2 Materials and methods

2.1 Data collection

Single-molecule methylation maps of three replicates of the B-lymphocyte cell line GM12878 were adapted from (Sharim et al., 2019), and similar maps of immortalized myoblasts of two healthy human subjects (Wellstone center for FSHD, UMMS) were obtained by the same methods. Shortly, high molecular weight DNA was extracted to ensure long single molecules. DNA was then fluorescently barcoded at specific sequence motifs for alignment to an in-silico reference. Unmethylated cytosines in the recognition sequence TCGA were fluorescently labeled to perform reduced representation optical methylation mapping (ROM) on the Bionano Genomics Saphyr instrument. The genomic location of the labeled unmethylated cytosines on individual DNA molecules was inferred from direct alignments to the hg38 reference (Bionano Access and Solve). Label coordinates were extended to 1 kb to account for the optical measurement resolution, limiting localization accuracy to ∼1000 bp (Wang et al., 2012). More details regarding ROM and optical mapping can be found in (Jeffet et al., 2021; Sharim et al., 2019).

2.2 Enhancer-promoter links and coordinates

Enhancers’ target genes were predicted by the JEME method and adapted from (Cao et al., 2017). Genomic coordinates of enhancers were converted from the human genome build hg19 to hg38 using UCSC liftOver (Haeussler et al., 2019). Ambiguous genomic regions (Amemiya et al., 2019) were subtracted from enhancer locations, and enhancers smaller than 200 bp were extended to 200 bp around their midpoint.
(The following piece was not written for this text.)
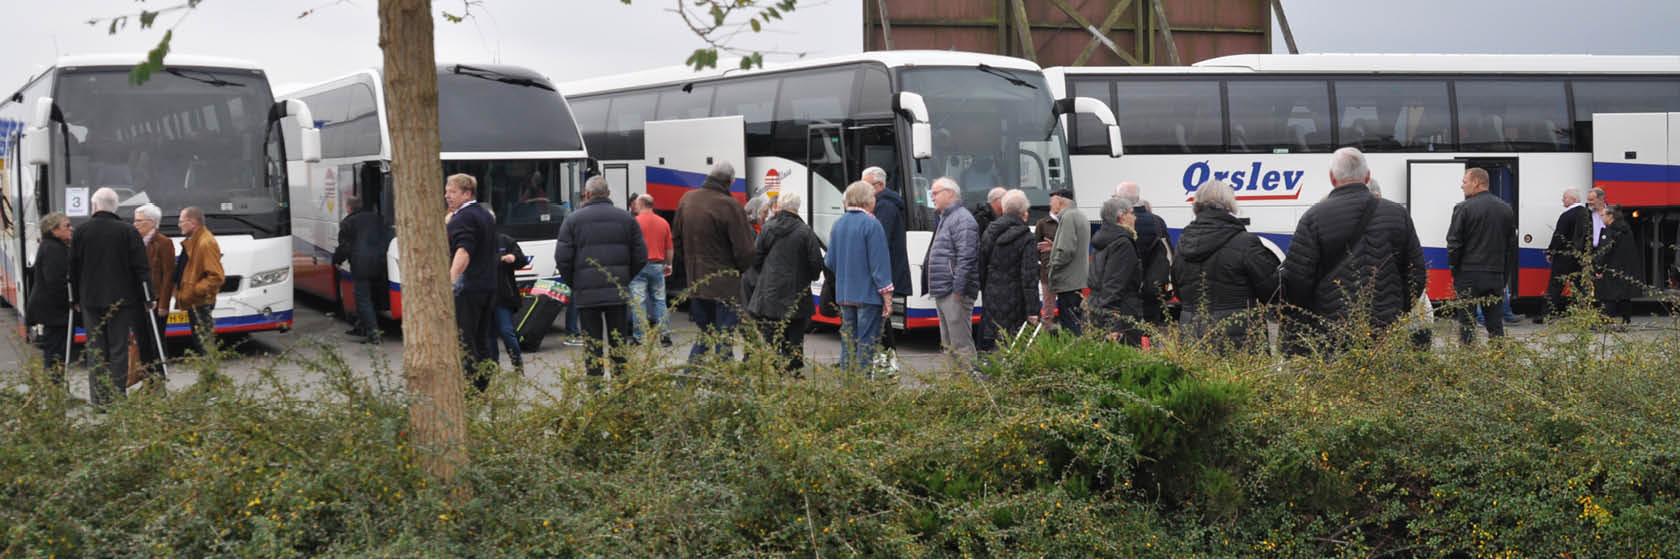 Opsamlingruter til busrejser

Promoters were defined according to the transcription start sites (TSS) of the protein-coding genes [Gencode V.34 annotations, (Frankish et al., 2019)], and taken as 2000 bp upstream and 500 bp downstream of the TSS. Enhancers and promoters not containing at least one potential site for methylation labeling were discarded. Enhancer–promoter (E–P) pairs in close proximity, less than 5000 bp, were also filtered out. All predicted E–P pairs under these conditions were used for our analysis, regardless of cell type and biological contexts used for their prediction.

For comparison against promoter-only analysis (see 2.4), we created a set of pairs that matches the size of the promoters set, by assigning a single enhancer to each promoter. We focused on enhancers that display the highest number of potential detectable methylation sites. In case of tie, enhancer size and proximity to the corresponding promoter were also considered. These criteria are unbiased toward specific cell types and select enhancers with the highest potential for reliable methylation calling by ROM. Nevertheless, these criteria are arbitrary and do not necessarily reflect biologically active enhancers.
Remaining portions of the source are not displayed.